*** EXERCISE DATA

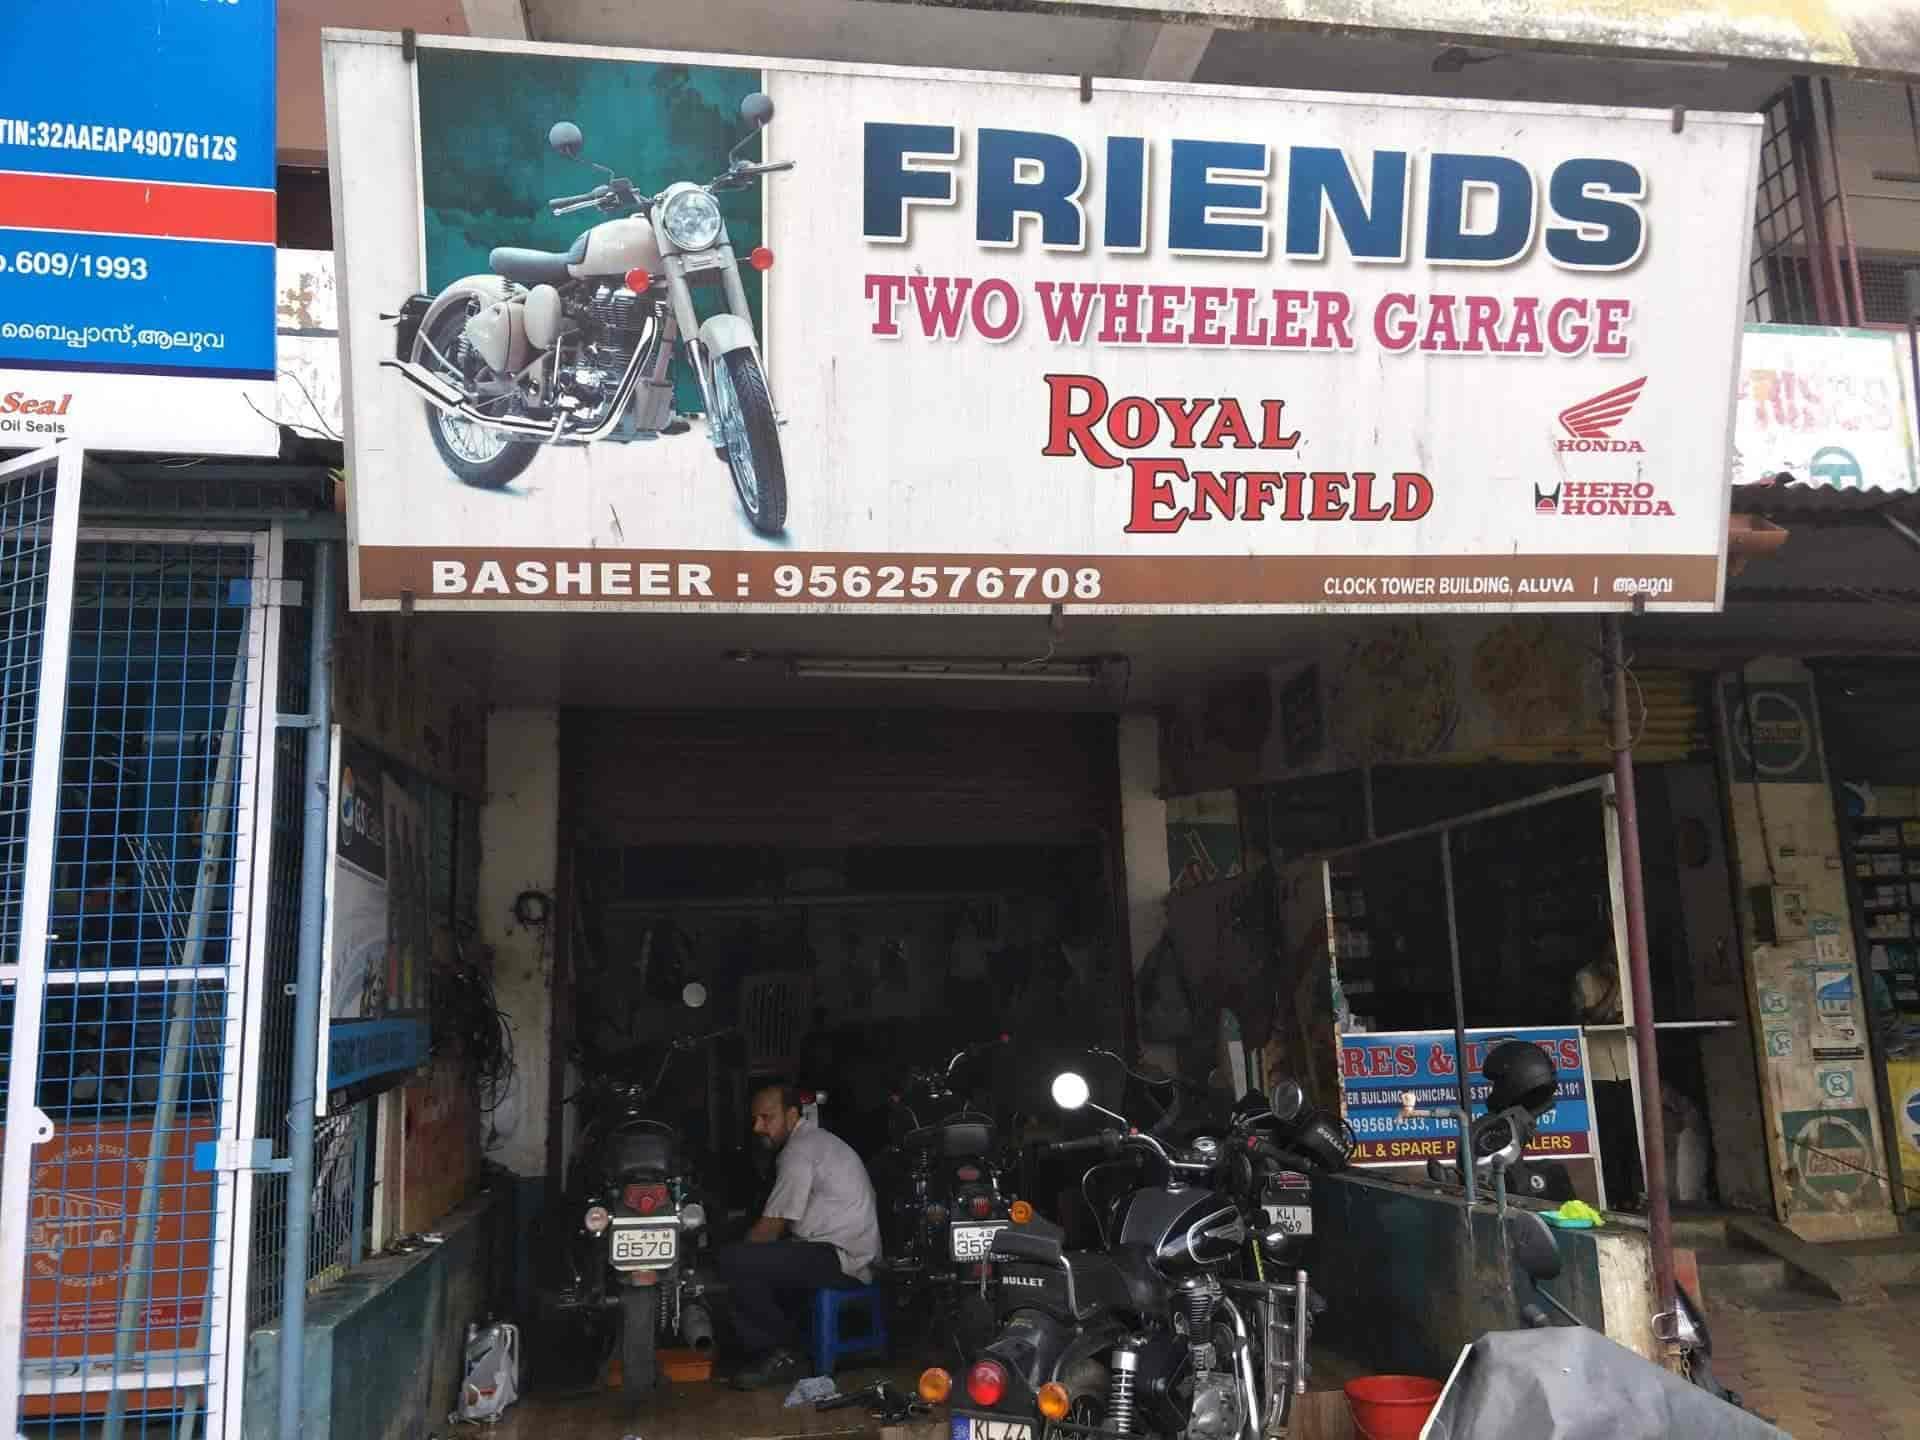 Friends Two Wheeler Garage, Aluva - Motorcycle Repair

******
*** EXERCISE DATA

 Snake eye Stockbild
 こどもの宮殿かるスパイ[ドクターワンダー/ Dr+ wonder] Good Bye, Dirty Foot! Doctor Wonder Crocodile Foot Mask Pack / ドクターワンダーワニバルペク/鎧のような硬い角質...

******
*** EXERCISE DATA

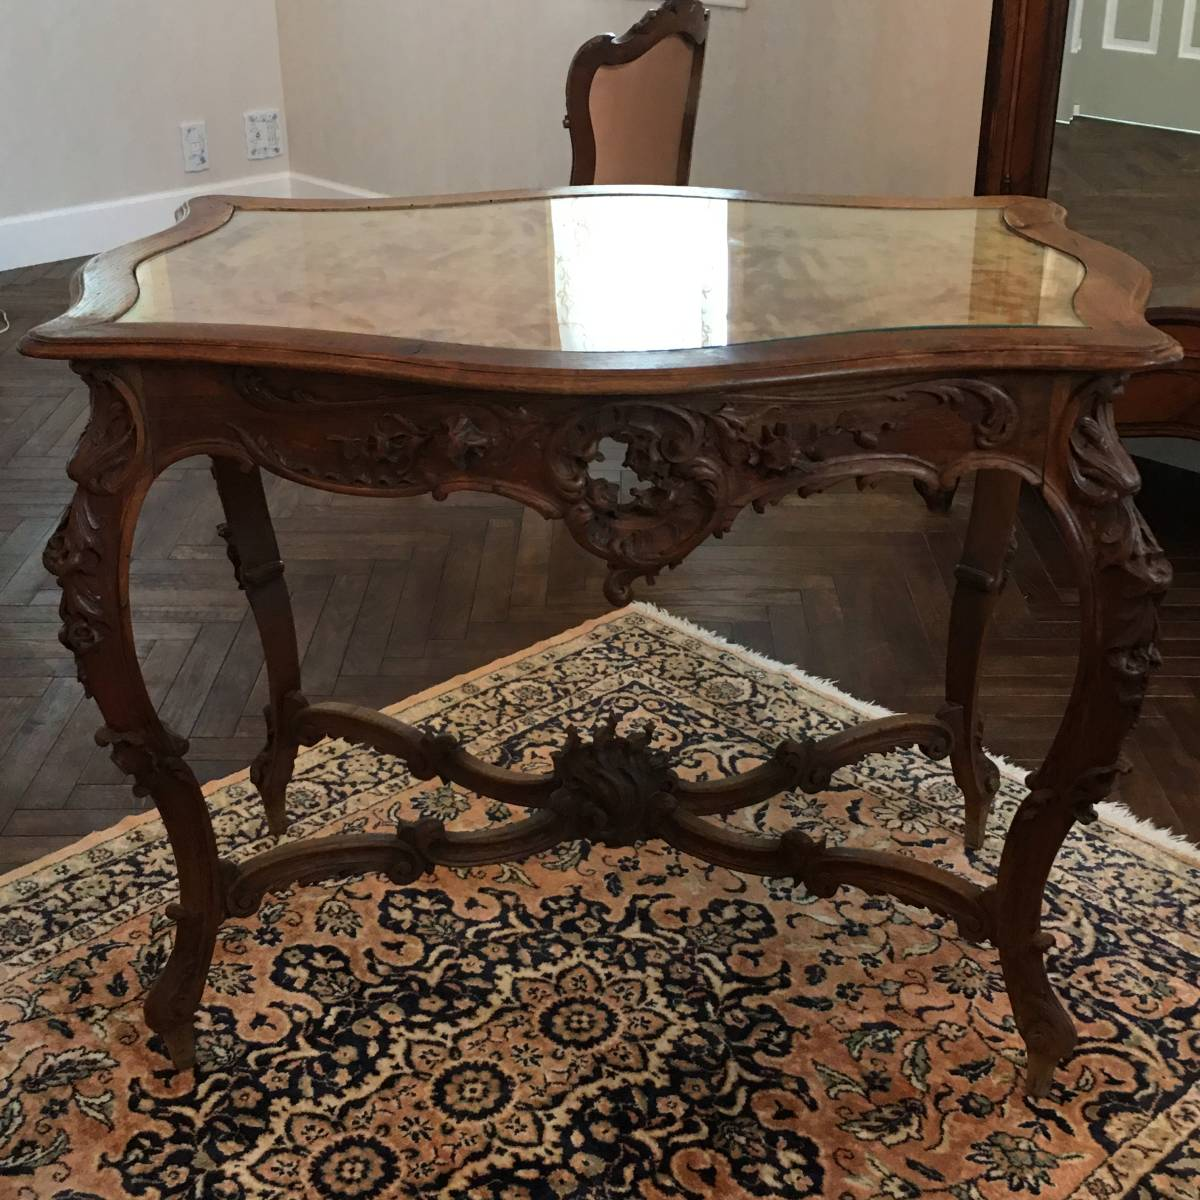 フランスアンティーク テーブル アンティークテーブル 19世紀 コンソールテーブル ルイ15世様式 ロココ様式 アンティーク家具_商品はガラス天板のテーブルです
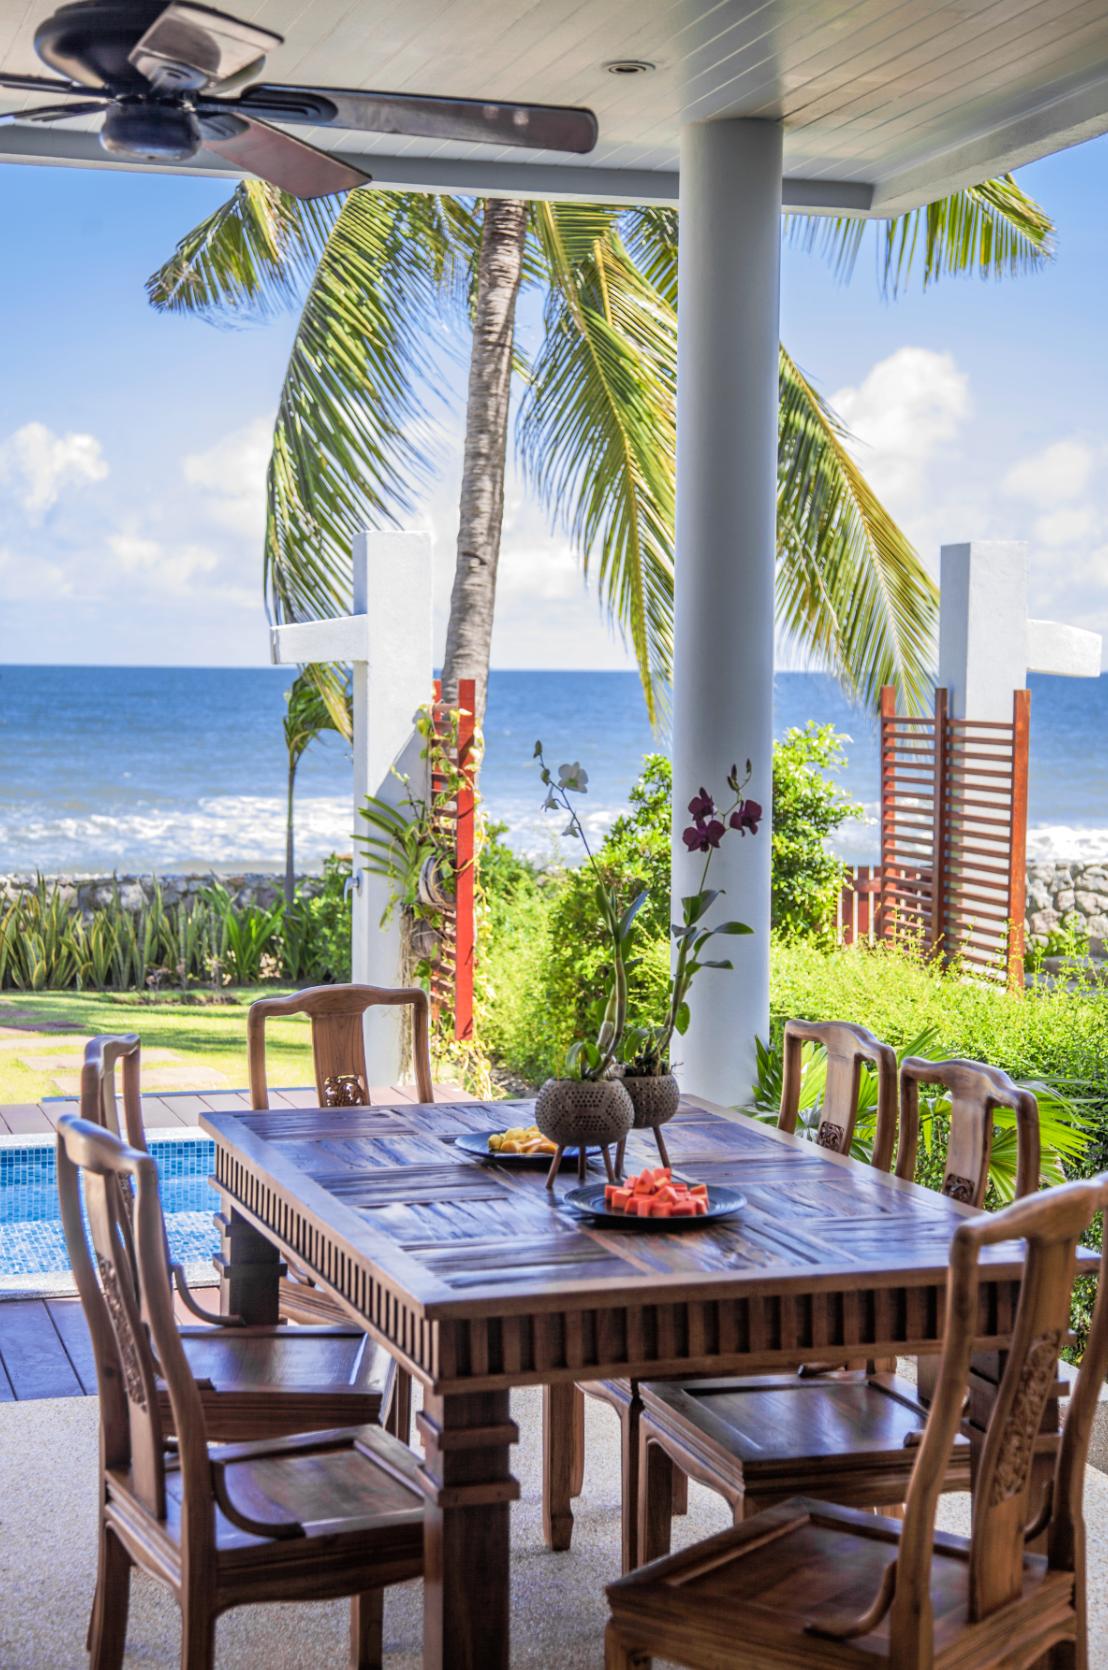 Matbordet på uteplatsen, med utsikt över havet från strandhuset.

******

In the listing above, locate the line with "Snake eye Stockbild" and the line with "こどもの宮殿かるスパイ[ドクターワンダー/ Dr+ wonder]", then extract exactly those lines and every line between them, and nothing more.

 Snake eye Stockbild
 こどもの宮殿かるスパイ[ドクターワンダー/ Dr+ wonder] Good Bye, Dirty Foot! Doctor Wonder Crocodile Foot Mask Pack / ドクターワンダーワニバルペク/鎧のような硬い角質...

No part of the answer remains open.